A film adaptation, produced by Robert Redford, starring Redford and Dustin Hoffman as Woodward and Bernstein, respectively, was released in 1976.  That same year, a sequel to the book, The Final Days, was published, which chronicled the last months of Richard Nixon's presidency, starting around the time their previous book ended.

Background
Woodward and Bernstein had considered the idea of writing a book about Watergate, but did not commit until actor Robert Redford expressed interest in purchasing the film rights. In Telling the Truth About Lies: The Making of "All the President's Men", Woodward noted that Redford played an important role in changing the book's narrative from a story about the Watergate events to one about their investigations and reportage of the story.

The name of the book alludes to the nursery rhyme about Humpty Dumpty ("All the king's horses and all the king's men / Couldn't put Humpty together again"). An allusion similar to that was made more explicitly a quarter-century earlier in Robert Penn Warren's 1946 novel All the King's Men, which describes the career of a fictional corrupt governor, loosely based on Huey Long.

Important individuals

The President
Richard Nixon

The President's Men
(listed with their 1972 positions in either the president's executive staff or in his re-election committee, where applicable)

White House

Alexander P. Butterfield, Deputy Assistant to the President
Dwight L. Chapin, Deputy Assistant to the President
Ken W. Clawson, Deputy Director of Communications for the President
Charles W. Colson, Chief Counsel for the President
John W. Dean III, White House Counsel
John D. Ehrlichman, Counsel and Assistant to the President for Domestic Affairs
H.R. Haldeman, White House Chief of Staff
E. Howard Hunt, Jr., President's Special Investigations Unit ("White House Plumbers")
Henry A. Kissinger, National Security Advisor
Egil Krogh, Jr., head of the President's Special Investigations Unit ("White House Plumbers")
Gerald Warren, White House Press Secretary, succeeding Ziegler
David R. Young, special assistant at the National Security Council
Ronald L. Ziegler, White House Press Secretary

Committee to Re-elect the President (CRP)
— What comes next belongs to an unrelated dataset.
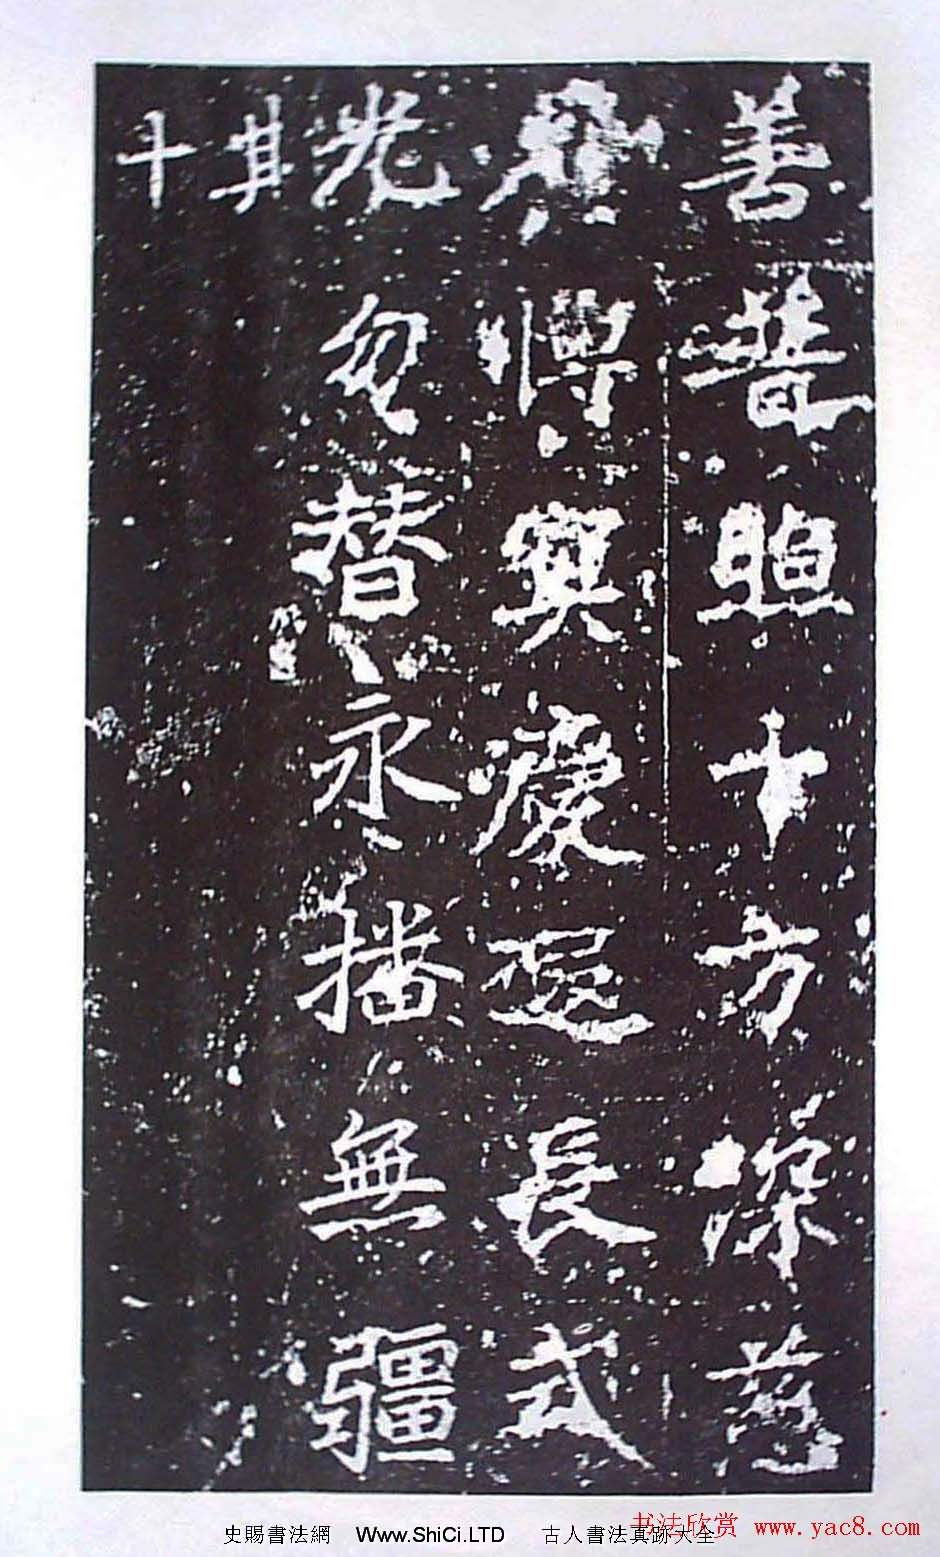 顏師古書法初唐名碑《等慈寺碑》

Kenneth H. Dahlberg, CRP's Midwest finance chairman
Herbert W. Kalmbach, personal attorney to United States President Richard Nixon and Deputy Finance Chairman of CRP
G. Gordon Liddy, CRP employee
Clark MacGregor, CRP Chairman
Jeb Stuart Magruder, Deputy Director, and assistant to the Director of CRP
Robert C. Mardian, CRP political coordinator
John N. Mitchell, Attorney General, and CRP campaign director
Robert C. Odle, Jr., Director of Administration ("office manager") for CRP
Kenneth W. Parkinson, CRP counsel
Herbert L. Porter, CRP organizer and former White House aide
Donald H. Segretti, political operative for CRP
Hugh W. Sloan, Jr., CRP treasurer
Judy Hoback Miller, CRP bookkeeper 
Maurice H. Stans, CRP finance chairman
Gordon C. Strachan, staff assistant to Herbert G. Klein but was assigned to be H.R. Haldeman's liaison to CRP

Rest of the President's Men

Alfred C. Baldwin III
John J. Caulfield
L. Patrick Gray III, acting Director of the Federal Bureau of Investigation
Richard G. Kleindienst, Attorney General (succeeding John Mitchell)
Fred LaRue, no rank, title, salary or even listing in the White House directory
Powell Moore
Kenneth Rietz
DeVan L. Shumway

The Burglars
Bernard L. Barker
Virgilio R. Gonzalez
Eugenio R. Martinez
James W. McCord, Jr.
Frank A. Sturgis

The Prosecutors
Henry E. Petersen, United States Assistant Attorney General
Earl J. Silbert, United States Attorney for the District of Columbia
Donald E. Campbell, Assistant U.S. Attorney
Seymour Glanzer, Assistant United States Attorney for the District of Columbia

The Judge
John J. Sirica, District Judge for the United States District Court for the District of Columbia

The Washington Post

Carl Bernstein, Reporter
Bob Woodward, Reporter
Benjamin C. Bradlee, Executive Editor
Katharine Graham, Publisher
Harry M. Rosenfeld, Metropolitan Editor
Howard Simons, Managing Editor
Barry Sussman, City Desk Editor
Brett Gurganious, Local News Reporter

The Senator
Sam Ervin (D-NC), chair of the Senate Watergate Committee

The Informant
 Deep Throat (revealed in 2005 to be W. Mark Felt)

Publication 
Dick Snyder of Simon & Schuster purchased the right to publish the book through the agent David Obst. The authors received an advance of $55,000. In his memoir, Michael Korda said of the book's publication that it "transformed book publishing into a red-hot part of media" and books became "news" instead of history.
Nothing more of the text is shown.